Всякий, кто узнал бы правду про Марию, медальон и платочек в киоте – объяснил бы дело просто – глупым хвастовством, часто встречаемым в мужчинах. Но это сужденье было бы полной ошибкой. Надо было искать объясненье гораздо глубже…
Почему же Квашнин не хвастался сотнями побед и подсмеивался над ними. В числе этих женщин были две, жизнь которых была, действительно, отравлена им, как говорится, разбита.
Года два назад, одна еще молодая женщина, покинутая им в то время, когда она надеялась на брак с ним, от нежданного удара вдруг заболела и долго была при смерти. Другая, после больших усилий снова сойтись с Квашниным и полной неудачи, с горя постриглась в монахини около Москвы.
Квашнин все это тщательно скрывал от товарищей и не находил возможным или нужным хвастаться этим, а наоборот, мысленно подшучивал над «новой монашкой своего изделия».
Почему же он хвастал перед товарищами измышленной варшавянкой Марией, грешил, заказывая по ней заупокойные обедни и носил, не снимая ни днем, ни ночью портрет и волосы какой-то неведомой женщины. Кого же он обожал в ней? Женщину отвлеченную! Понятие о женщине?.. «Многое есть на свете, друг Горацио, чего и не снилось мудрецам».
XV
– Никакой пташки не спугнул я? Не помешал? – говорил Шумский, входя в квартиру приятеля.

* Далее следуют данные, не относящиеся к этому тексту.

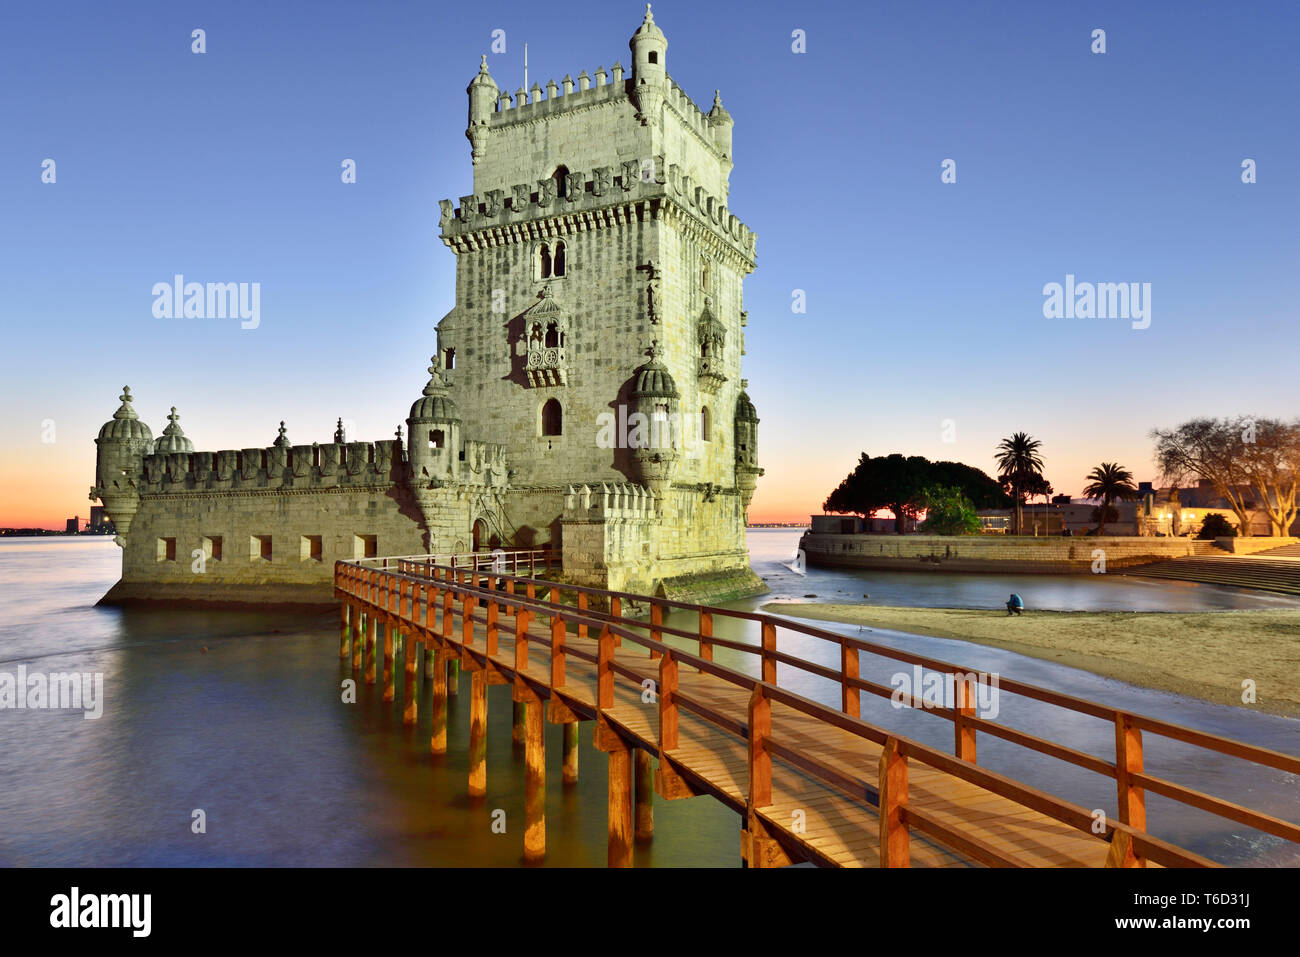 Torre de Belem (Belem Turm), in den Fluss Tejo, ein UNESCO-Weltkulturerbe im 16. Jahrhundert in Portugiesisch manuelinischen Stil erbaut in der Dämmerung. Stockfoto

– Помилуй, тебя жду! – весело отозвался Квашнин, встречая гостя.
– Может, у тебя собирались чай пить твои какие приятельницы! – усмехнулся Шумский.
– Нет. Уж были… На вот!..
И Квашнин, смеясь, нагнулся, приподнял волосы на лбу и показал здоровую шишку.
– Шандалом! – кратко прибавил он.
– Были и били! – сострил Шумский. – Ну, не в первый раз. До свадьбы заживет! А я хотел тебя повидать ради дела. Совета попросить.
– Чтобы ему не последовать, – усмехнулся Квашнин. – Что ж, изволь. Я все-таки добрый совет другу дам.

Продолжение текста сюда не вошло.